# WORK INSTRUCTIONS
Everything in the listing below should be repeated verbatim, apart from the pictures.

# PROVIDED MATERIAL
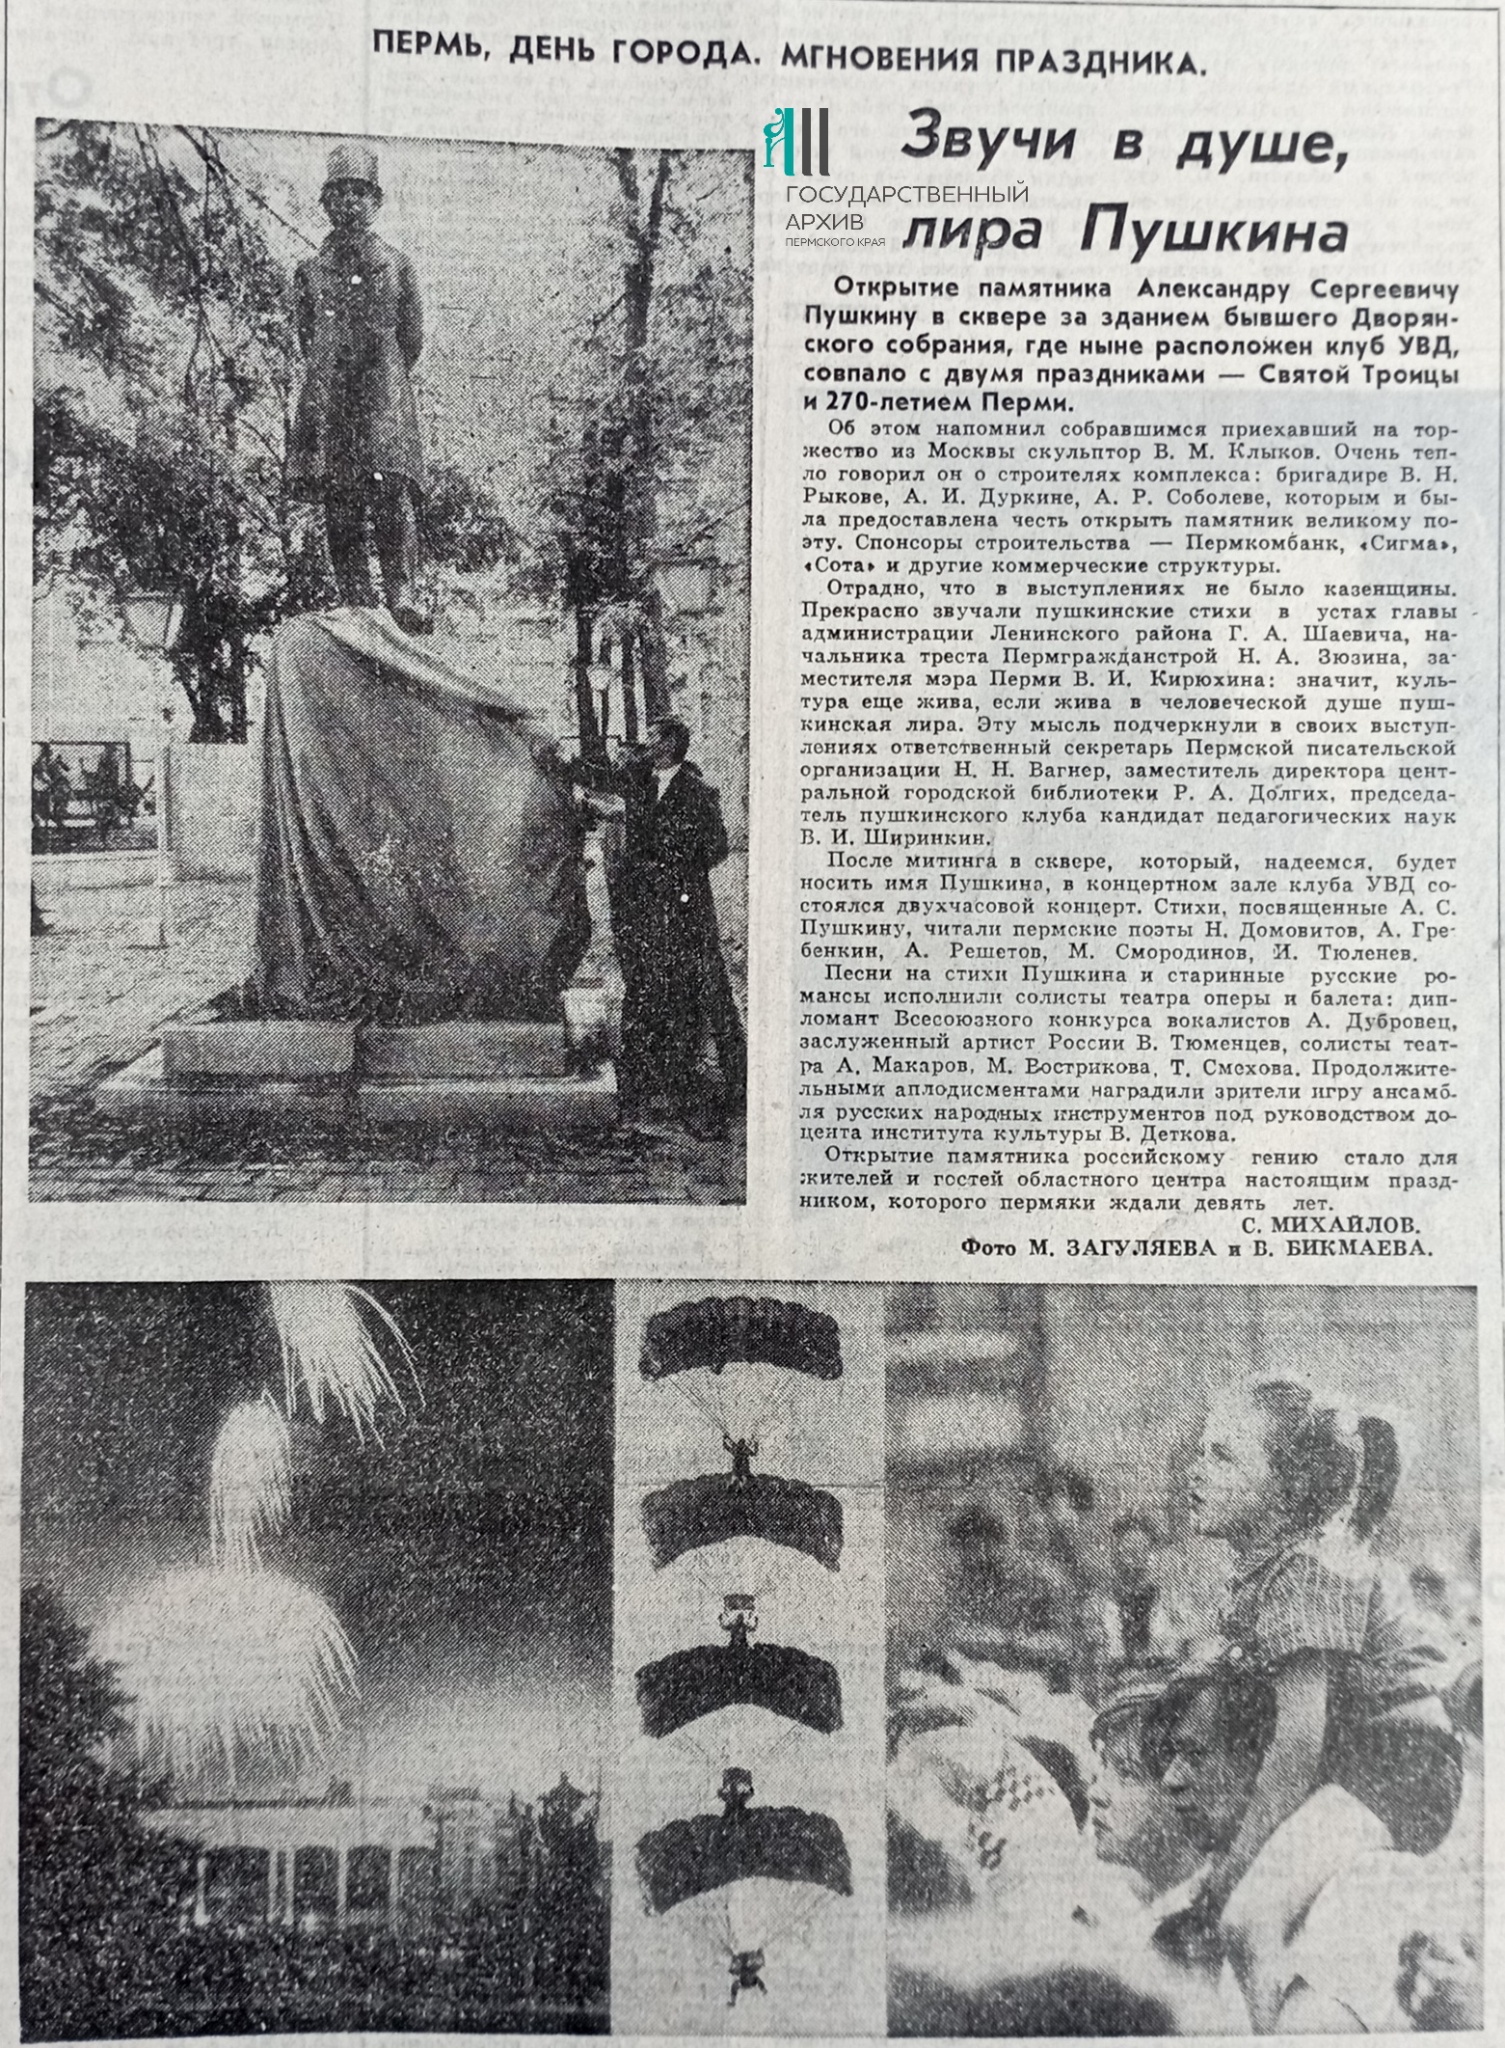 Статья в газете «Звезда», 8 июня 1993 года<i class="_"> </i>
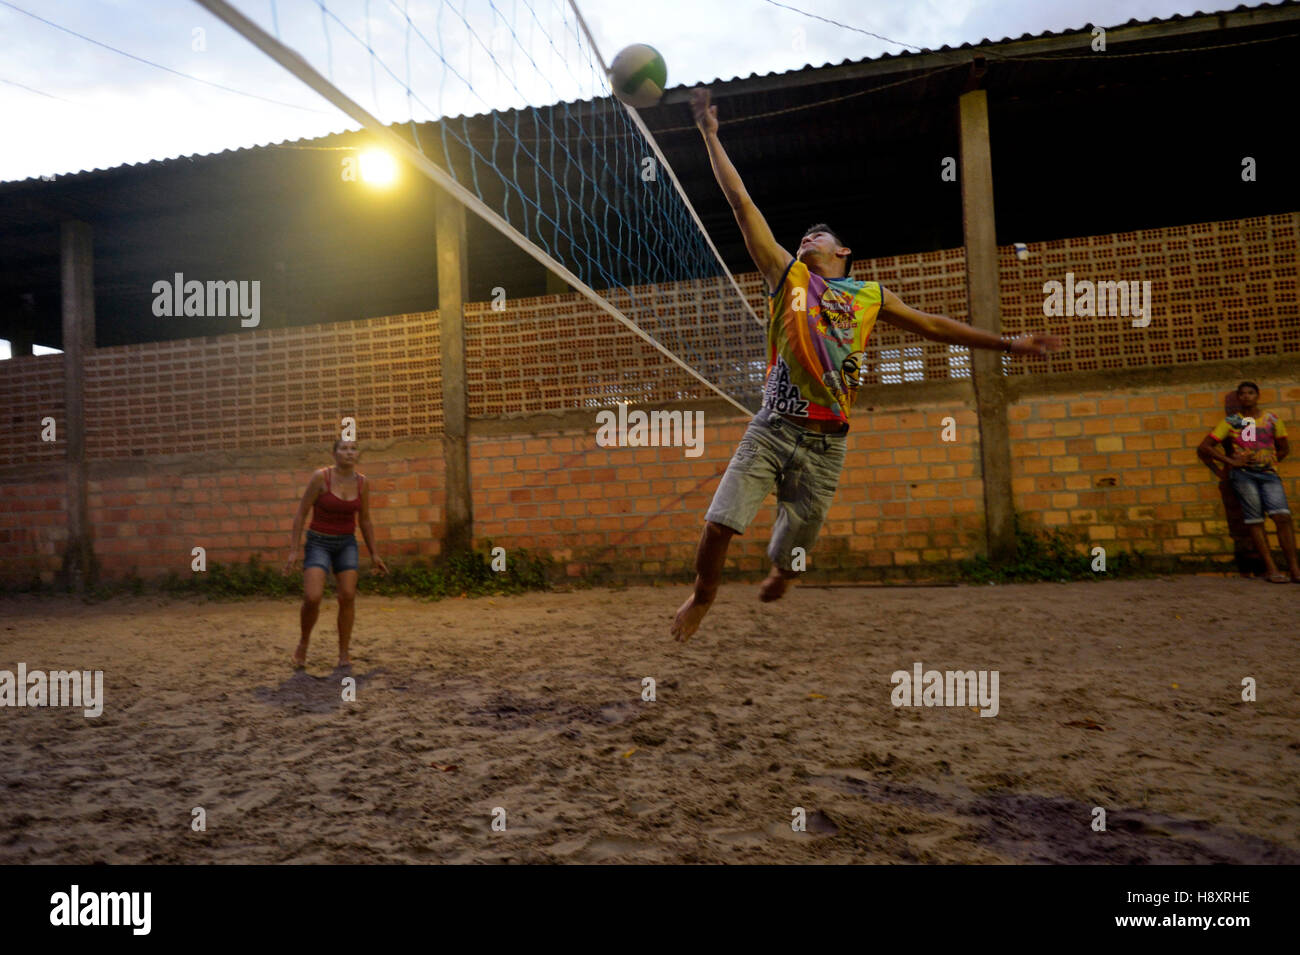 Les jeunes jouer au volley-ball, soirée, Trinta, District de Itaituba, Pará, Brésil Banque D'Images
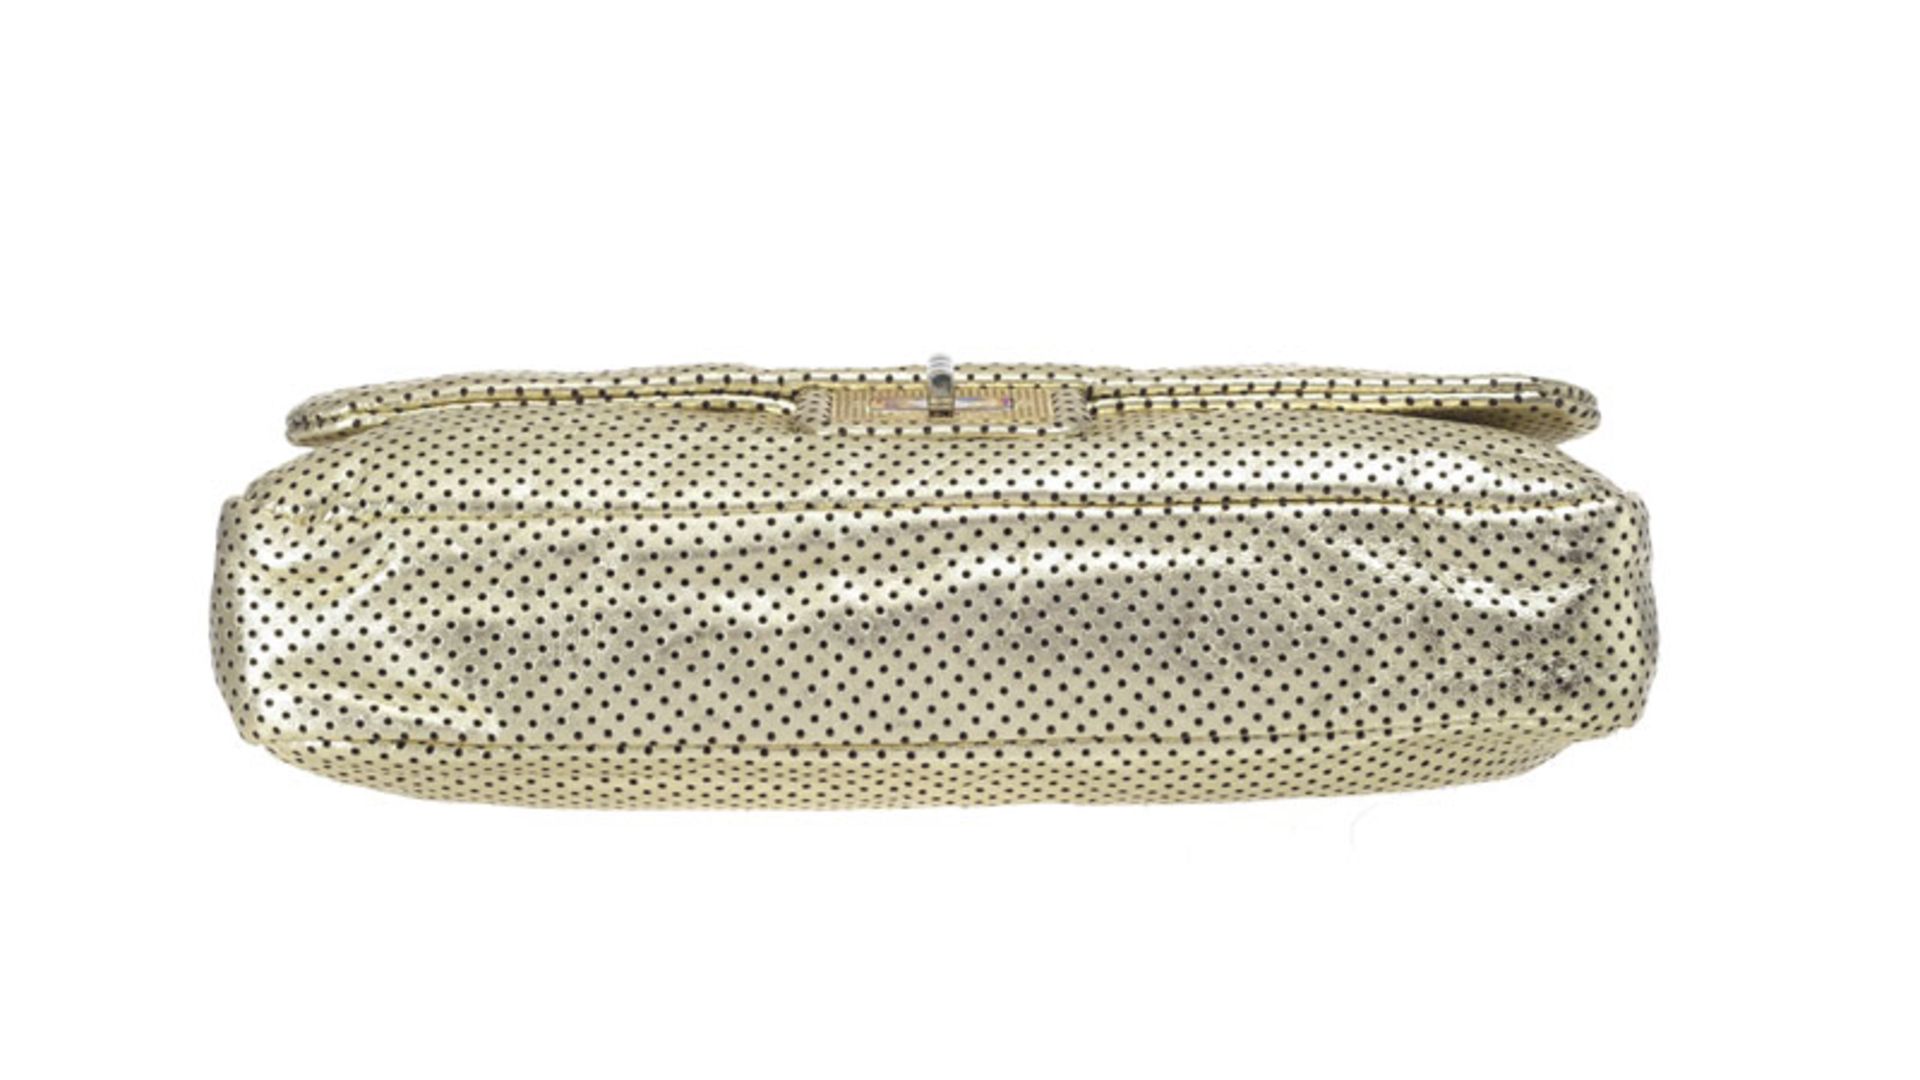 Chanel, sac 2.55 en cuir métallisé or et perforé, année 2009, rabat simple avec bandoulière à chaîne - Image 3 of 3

# EXERCISE SOLUTION
 Статья в газете «Звезда», 8 июня 1993 года<i class="_"> </i>
 Les jeunes jouer au volley-ball, soirée, Trinta, District de Itaituba, Pará, Brésil Banque D'Images
 Chanel, sac 2.55 en cuir métallisé or et perforé, année 2009, rabat simple avec bandoulière à chaîne - Image 3 of 3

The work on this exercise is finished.